#### Data records

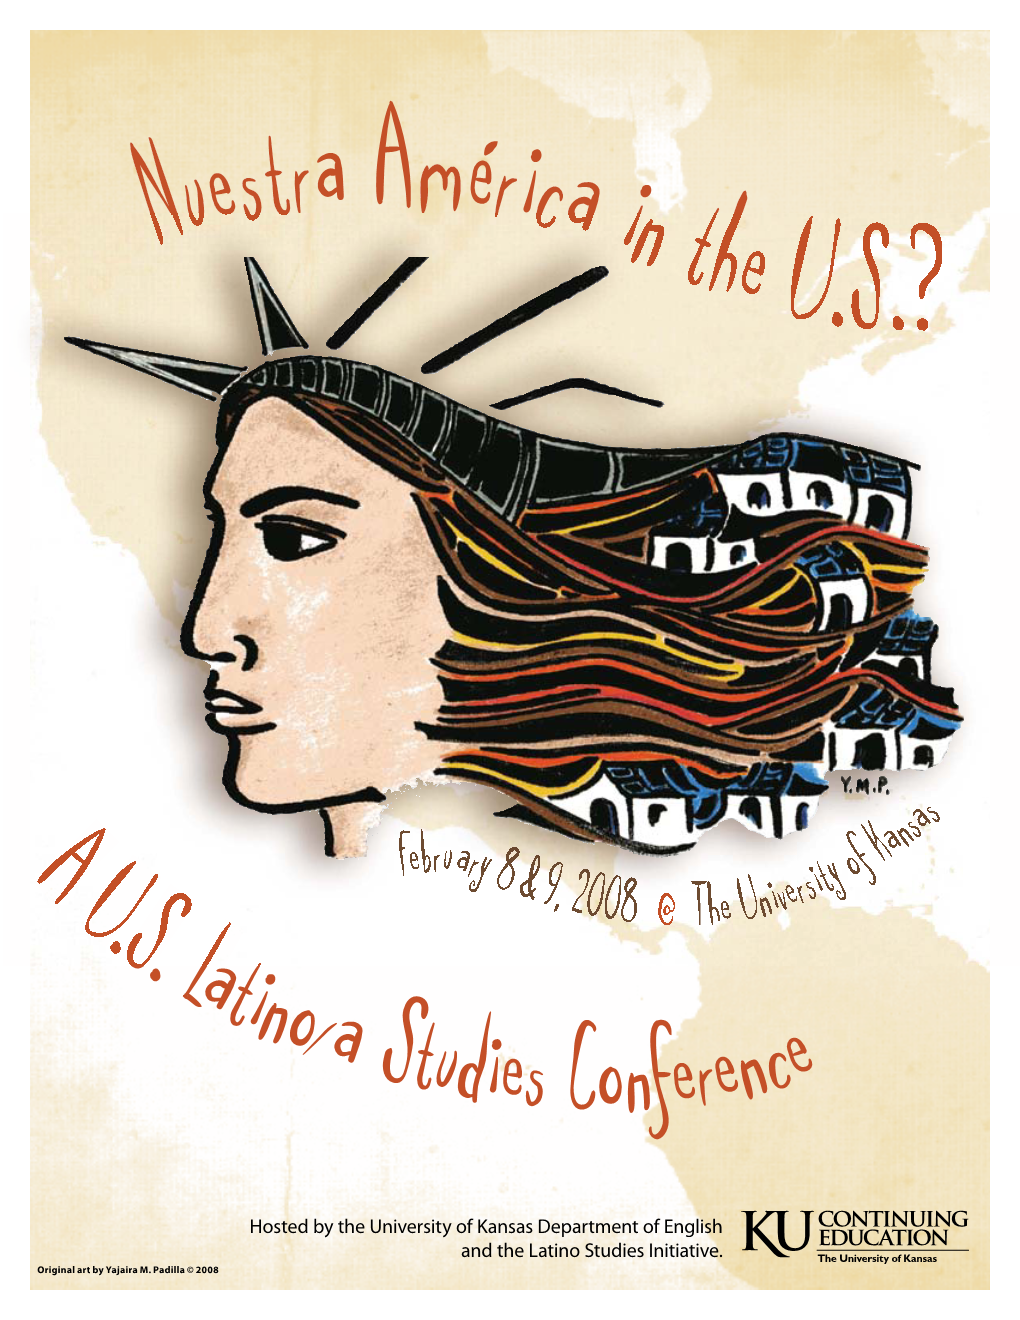 Hosted by the University of Kansas Department of English and the Latino Studies Initiative
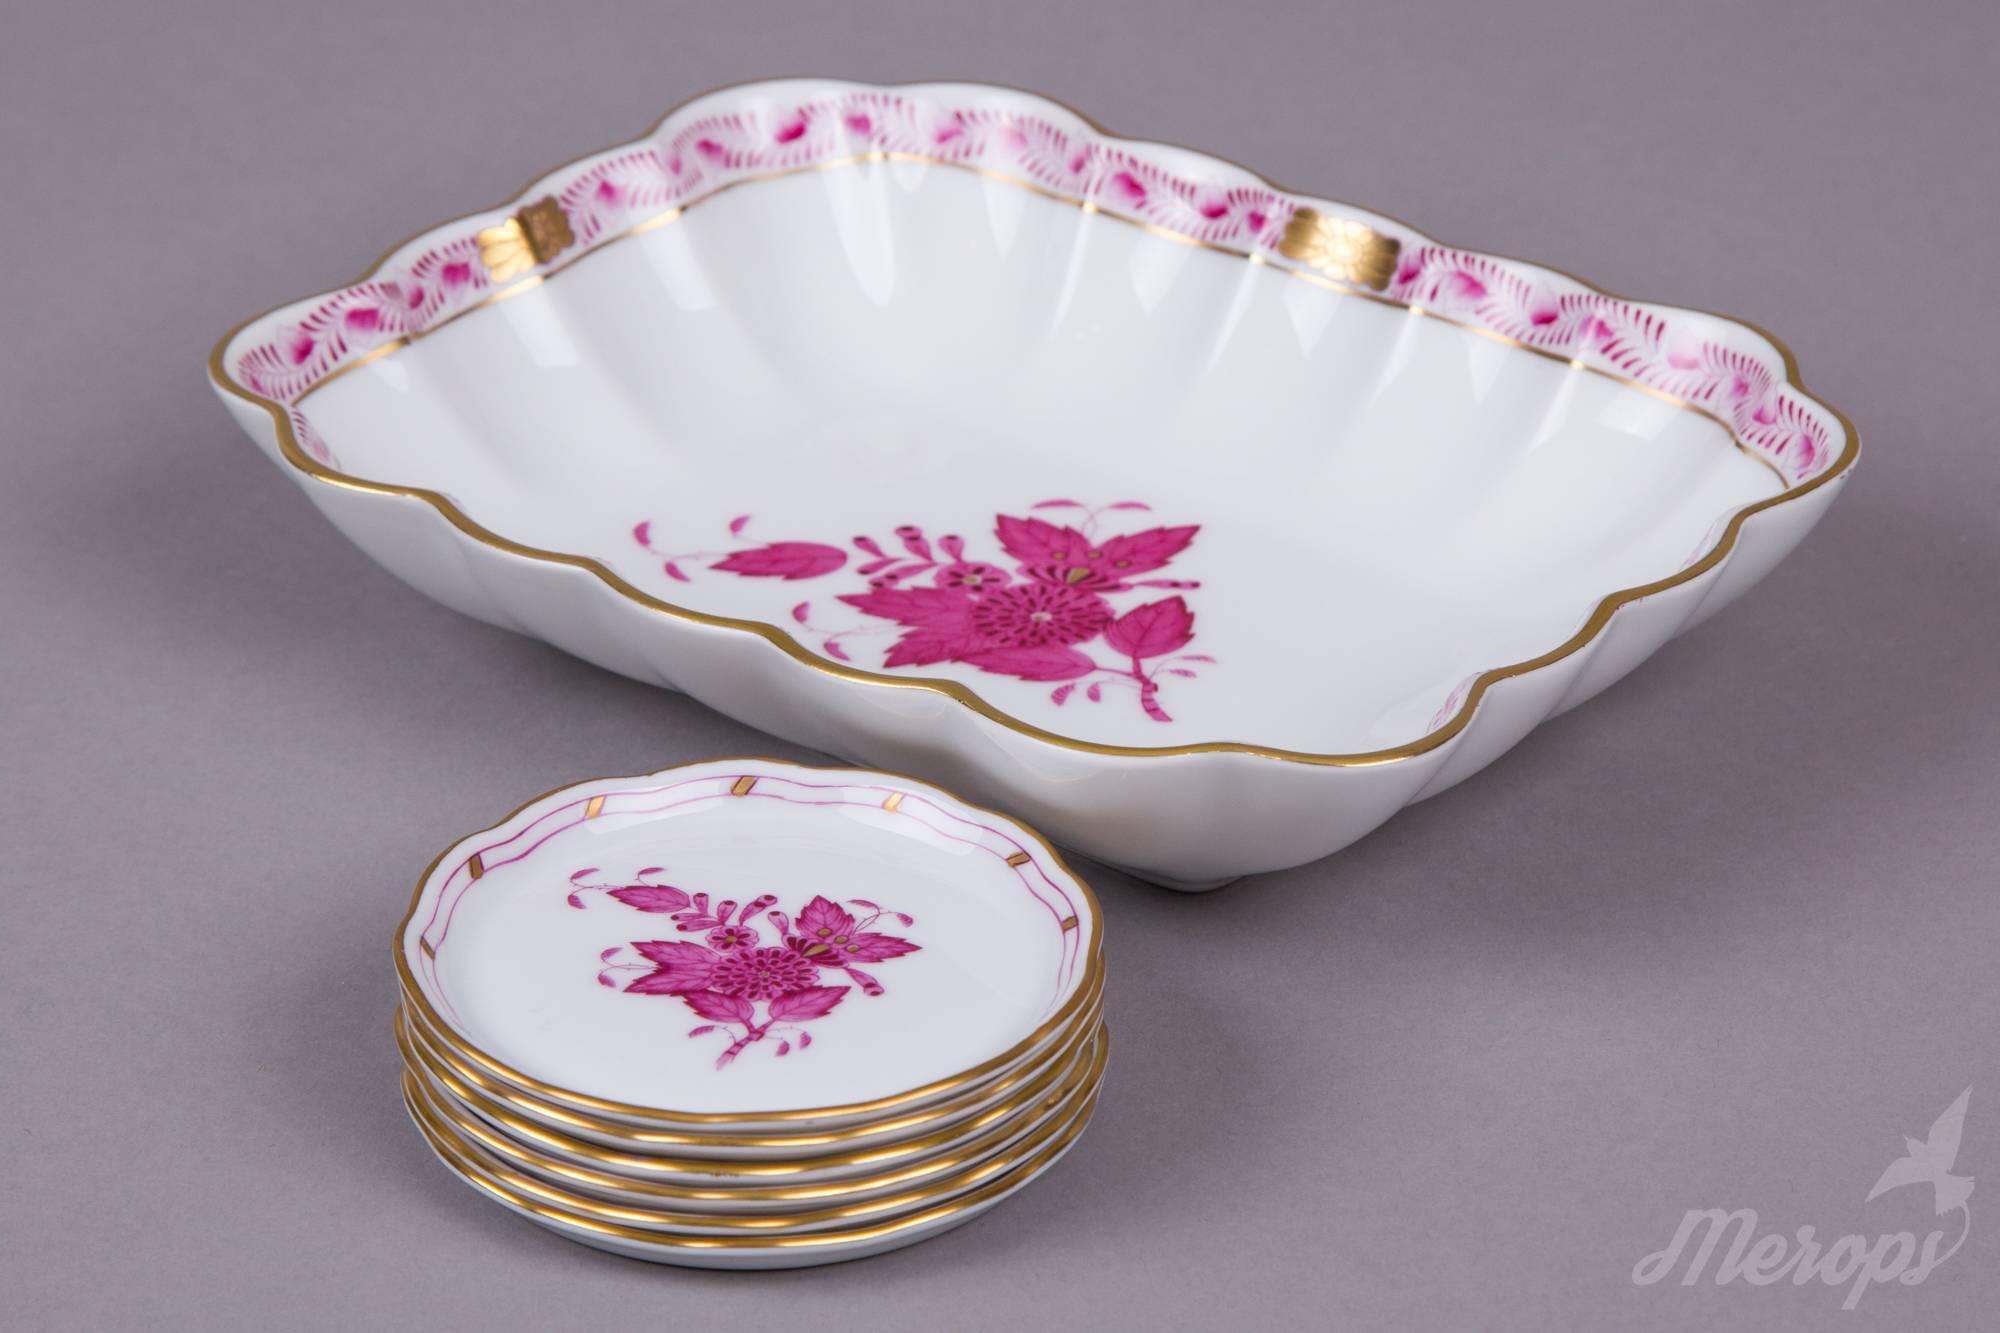 We ship this item worldwide for 35 USD with insurance. Shipping usually takes 5-10 business days. 

Manufacturer:	Herend Porcelain Manufactory (Hungary)
Quality:	Handpainted, 1st class
Pattern:	Chinese Bouquet Raspberry

########

> [What is required]: Exact copies of the line with "Porcelain Manufactory (Hungary)" and of every later line in the entries make up the whole answer.

> [Output of the exercise]:
Manufacturer:	Herend Porcelain Manufactory (Hungary)
Quality:	Handpainted, 1st class
Pattern:	Chinese Bouquet Raspberry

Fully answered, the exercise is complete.